Двадцать седьмой участок, куда попал Сиганов и еще три семьи переселенцев, находился на дне мелкой впадины, похожей на блюдце.
Жирная земля, которую никогда не трогал плуг, заросла травой в рост человека. Под проливным дождем трава вытягивалась все выше и выше, поднялась над молодыми дубками и вынесла свои узорчатые листья над шалашами и палатками, в которых жили переселенцы. Пробовали копать землянки, но ямы наполнялись до краев желтой водой, которая, как губку, пропитывала влажную почву.
Илья ушел обратно в Хабаровск искать работы. Курганов по целым дням неподвижно сидел около своей палатки из распоротых мешков, среди мокрого, пестрого скарба, прикрытого травой, и жаловался на чиновников, которые загнали его самого и его семью в болото.

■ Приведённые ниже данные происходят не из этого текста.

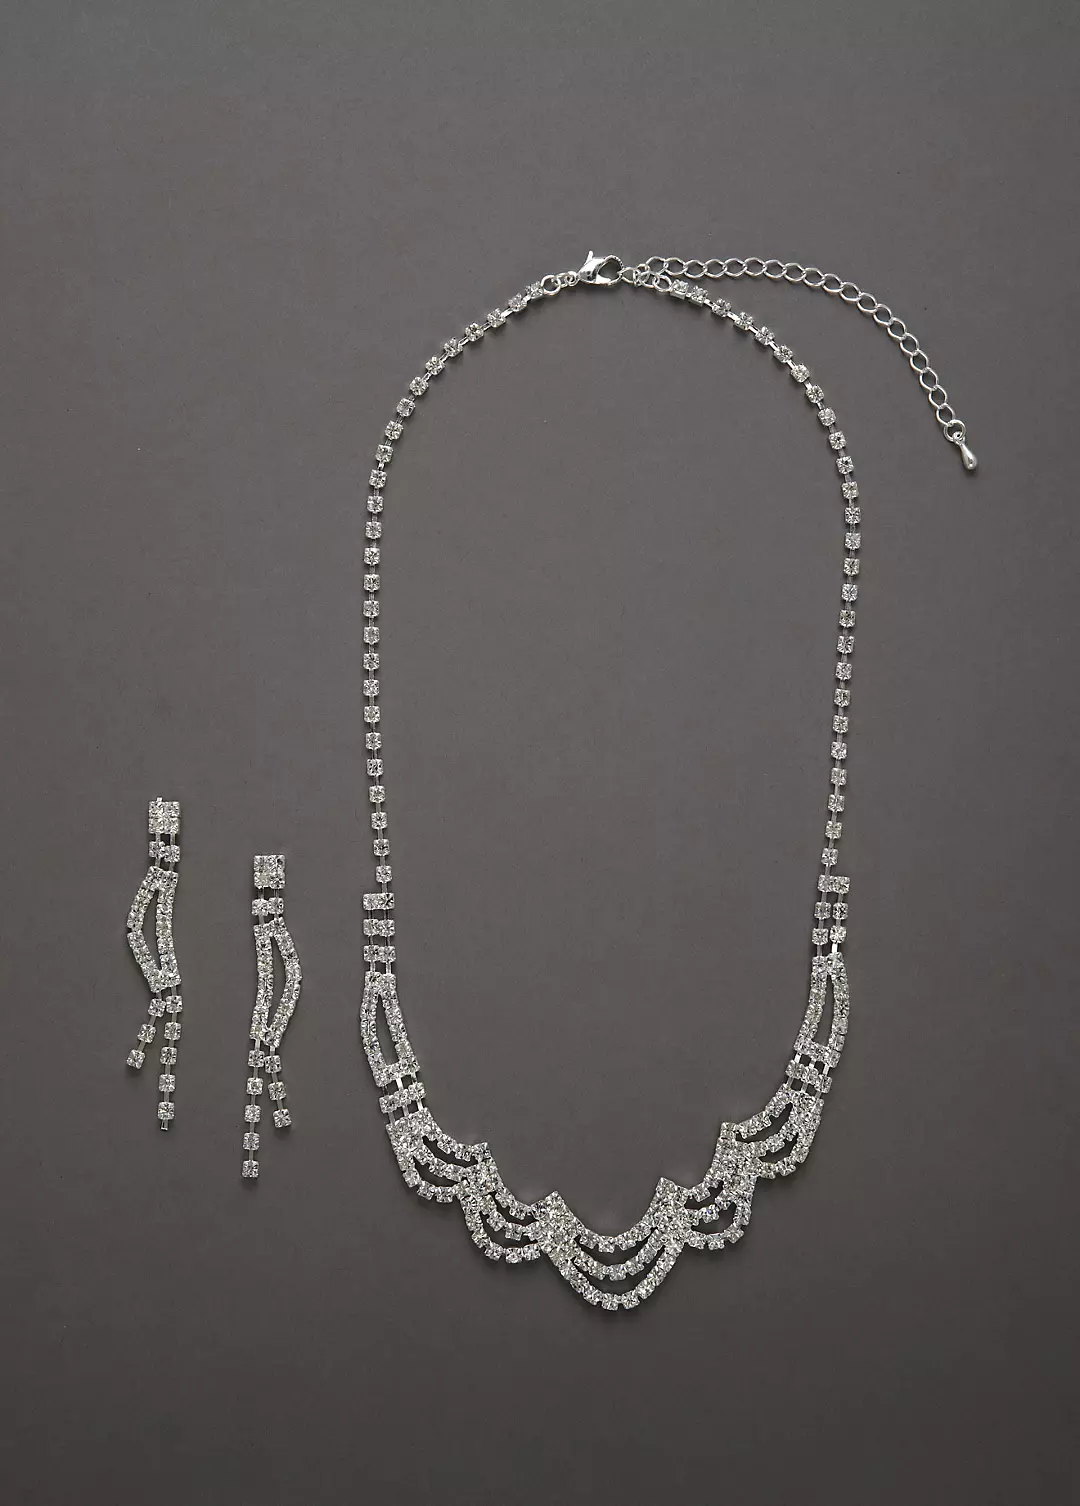 Scalloped Design Necklace and Earring Set Image

Работать пробовал один старик Аносов. Маленький, черный, как обожженный сухарь, он с утра до вечера косил траву, копал гряды, с топором возился под гигантскими кедрами и лиственницами, которые угрюмо кивали сверху тяжелыми ветвями. Скошенная трава гнила, на ее месте быстро тянулась к свету новая, молодая поросль; вскопанная земля заплывала и превращалась в трясину. Стволы зеленых великанов звенели от ударов иззубренного топора, оставлявшего на них едва заметные рубцы, и сам Аносов, среди этой могучей первобытной растительности, был похож на муравья, заблудившегося в крепкой траве.
Веселее всех была семья Арефовых. Они все, бабы и мужики, ладно и согласно, без ссоры и ругани, пропивали казенное пособие. Хлопотливо и усердно, как на престольный праздник, мать и дочь Арефовы, красивые, крепкие женщины, пекли пироги, что-то с утра жарили и варили, не обращая внимания на муссон, тащивший с востока горы туч. Мужчины сидели на бочках и ящиках, пили водку, подносили соседям и каждую рюмку сопровождали различными пожеланиями.
— Ну, давай Бог, чтобы как вам, так и нам! — говорил старик Арефов, поднимаясь с мокрой травы и отстраняя рукой, в которой держал рюмку, склеенную сургучом, зеленую узорчатую стену.
— Жить и радоваться!
Потом поднимался сын.
— Пожелаем радостей и веселья на новых местах!
— Вот заест тебя трава, так узнаешь, какое тут веселье, — бурчал Курганов. — И чего празднуют? Плакать надо.
— Тут и так воды много, — отшучивались бабы.